The data are in the file palmer-penguins.csv in the data folder. This dataset is originally from the penguins data frame in the palmerpenguins R package with observations that have missing values removed. This analysis will focus on the following variables:

bill_depth_mm: bill depth in millimeters
bill_length_mm: bill length in millimeters
species: penguin species (Adélie, Chinstrap and Gentoo)

Click here to see the full data dictionary.

Exercises

Goal: The goal of this analysis is to use bill length to understand variability in bill depth, after accounting for species.

Exercise 1

We’ll start with exploratory data analysis focused on the relationship between the response and predictor variables.

Visualize the relationship between the response variable bill_depth_mm and predictor bill_length_mm .
Now, visualize the relationship between bill_depth_mm and bill_length_mm by species. Use geom_smooth(method = "lm", se = FALSE) to add lines and more clearly visualize the relationship for each species.
Based on these visualizations, why is it important to include species when in the model of the relationship between bill depth and length? Briefly explain.
Based on these visualizations, would you include an interaction term between the two predictors? Briefly explain?

Exercise 2

We will fit the main effects model using bill length and species to understand variability in the bill depth.

Write the form of the statistical (population-level) model in matrix form.
Write the dimensions for \(\mathbf{y}, \mathbf{X}, \boldsymbol{\beta}, \boldsymbol{\epsilon}\) specific for this problem.

Exercise 3

Consider the regression model described in Exercise 2.

Write the likelihood function \(L(\boldsymbol{\beta}, \sigma^2_{\epsilon} | \mathbf{y}, \mathbf{X})\) in matrix form.
Describe how each of the four model assumptions is necessary for the form of the likelihood function.

Exercise 4

Briefly explain how the process of finding the maximum likelihood estimators for the likelihood function in Exercise 3 is related to the process of finding the least-squares estimators for the model in Exercise 2.

Exercise 5

For the next few exercises, we will compare the results of the maximum likelihood and least-squares procedures.

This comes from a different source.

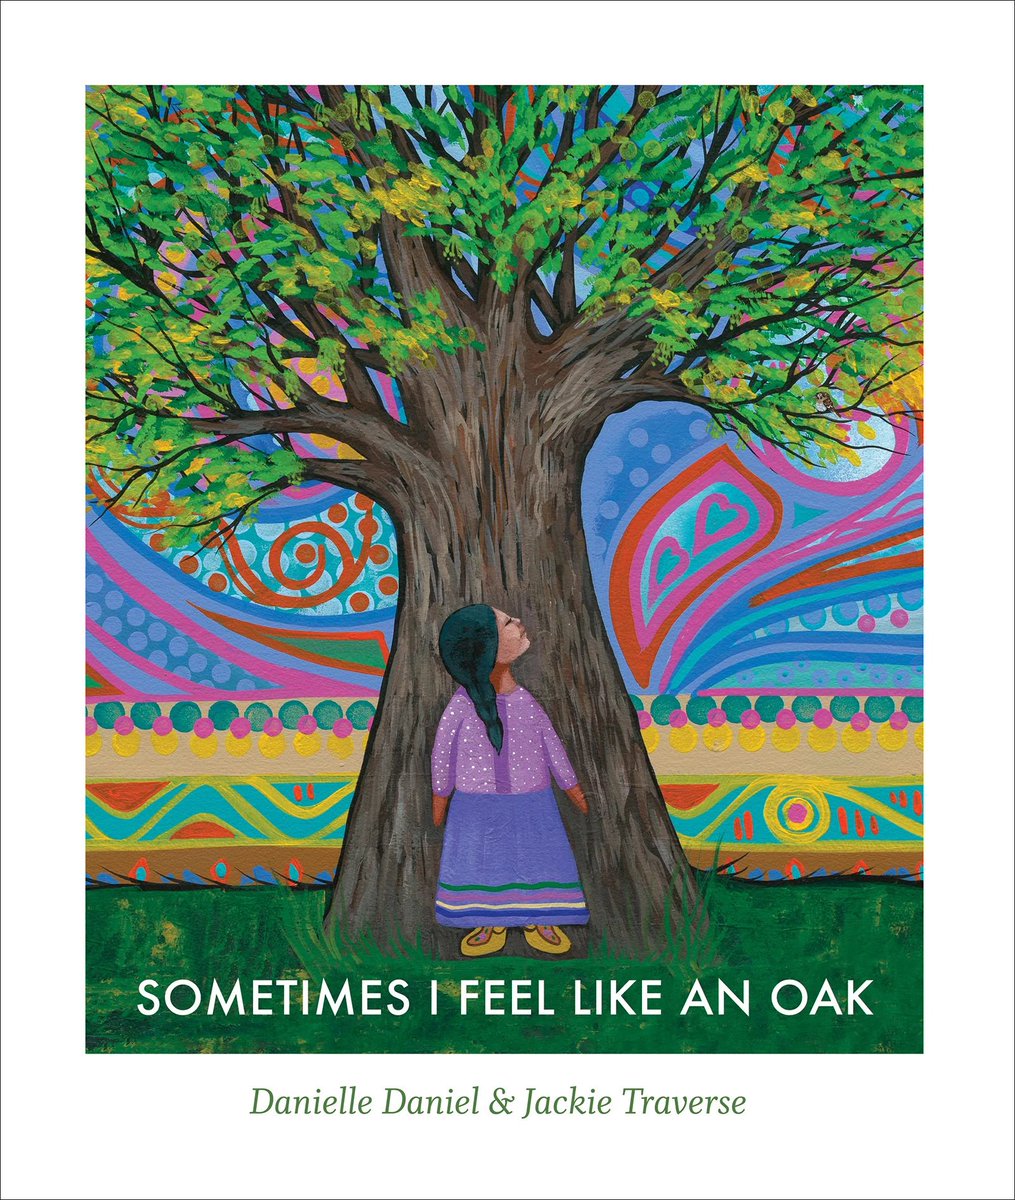 We’ve been so inspired this week by ‘Sometimes I Feel like an Oak’ by Danielle Daniel! Ss created tree silhouettes with sharpie on transparency sheets that were then placed on top of their oil pastel resist paintings inspired by the book’s cover 🌳✨

Fit the least-squares regression model described in Exercise 2. Neatly display the results using three digits.
Describe the estimated effect of bill length on bill depth in the context of the data.
Describe the estimated effect of species on bill depth in the context of the data. Include discussion about whether there is statistical evidence of a difference between species.

Exercise 6

Use matrix/vector operations to compute the maximum likelihood estimators \(\tilde{\beta}\) for the model in Exercise 2.
How do these estimators compare to the least-squares estimators in the previous exercise?

Exercise 7

The maximum likelihood estimation procedure also produces an estimator for the variance about the regression line, \(\sigma^2_\epsilon\), which we can write as

\[ \tilde{\sigma}^2_{\epsilon} = \frac{1}{n} \mathbf{e}^\mathsf{T}\mathbf{e} \]

We know that the maximum likelihood estimator and least-squares estimator for \(\sigma^2_{\epsilon}\) are not equal. Additionally, the least-squares estimator \(\hat{\sigma}^2_{\epsilon}\) is unbiased. We want to find a scaling factor \(c\) such that the maximum likelihood estimator is unbiased.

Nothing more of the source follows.